The motivation for this repository are the difficulties that the dataset present when we define the Target and Features. One of the problems involve several data leakages.
There are several attempts in kaggle with low metrics particularly when we restrict the training set to features with information before the loan was granted and we want try to improve it:
https://www.kaggle.com/datasets/devanshi23/loan-data-2007-2014/data
We use various data preprocces techniques like SelectKbest with information value, Binning , Up-sampling with Imlearn, One Hot Encoder and Imputers
loan_status (our target) has the followings values:
- Current
- Fully Paid
- Charged Off
- Late (31-120 days)
- In Grace Period
- Does not meet the credit policy. Status:Fully Paid
- Late (16-30 days)
- Default
- Does not meet the credit policy. Status:Charged Off
The main point we must consider is that the values belong to differents moments in the loan life span.
Those that belong to an end of the Loan:
- Fully Paid
- Charged Off
- Does not meet the credit policy. Status:Fully Paid
- Default
- Does not meet the credit policy. Status:Charged Off
Middle term of a loan:
- Current
- Late (31-120 days)
- Late (16-30 days)
while In Grace Period belongs to the beginning.

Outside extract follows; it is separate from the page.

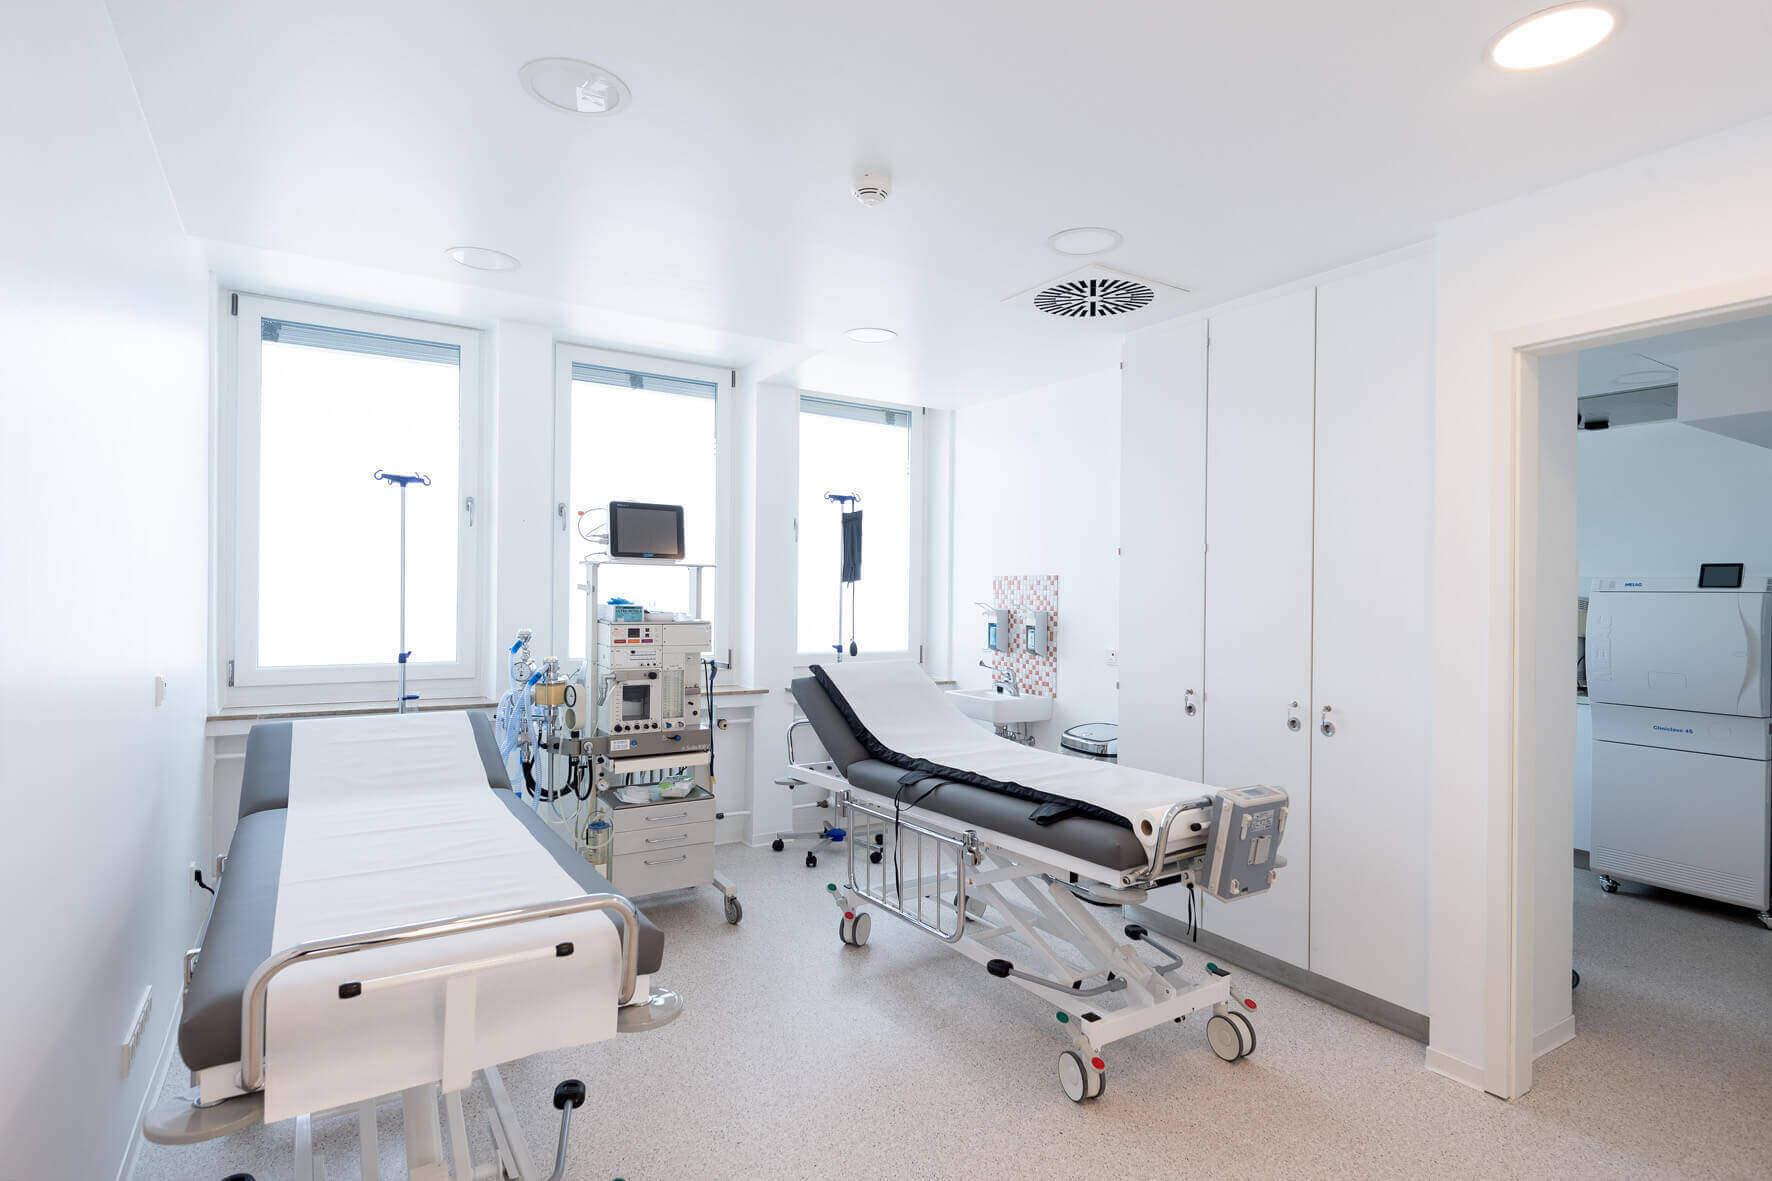 Aufwachraum Noahklinik Kassel

On top of this we should consider:
All the loans regardless its end, were previously in time "In Period Grace"
All the loans regardless its end, were previously in time Current and/or Late
"Good loans" (1):
- Fully Paid
"Bad loans" (0):
- Charged Off
- Does not meet the credit policy. Status:Fully Paid
- Default
- Does not meet the credit policy. Status:Charged Off
We just consider ends of loans categorys in the target, and we should consider only features in X_train set that belong before the loan was granted.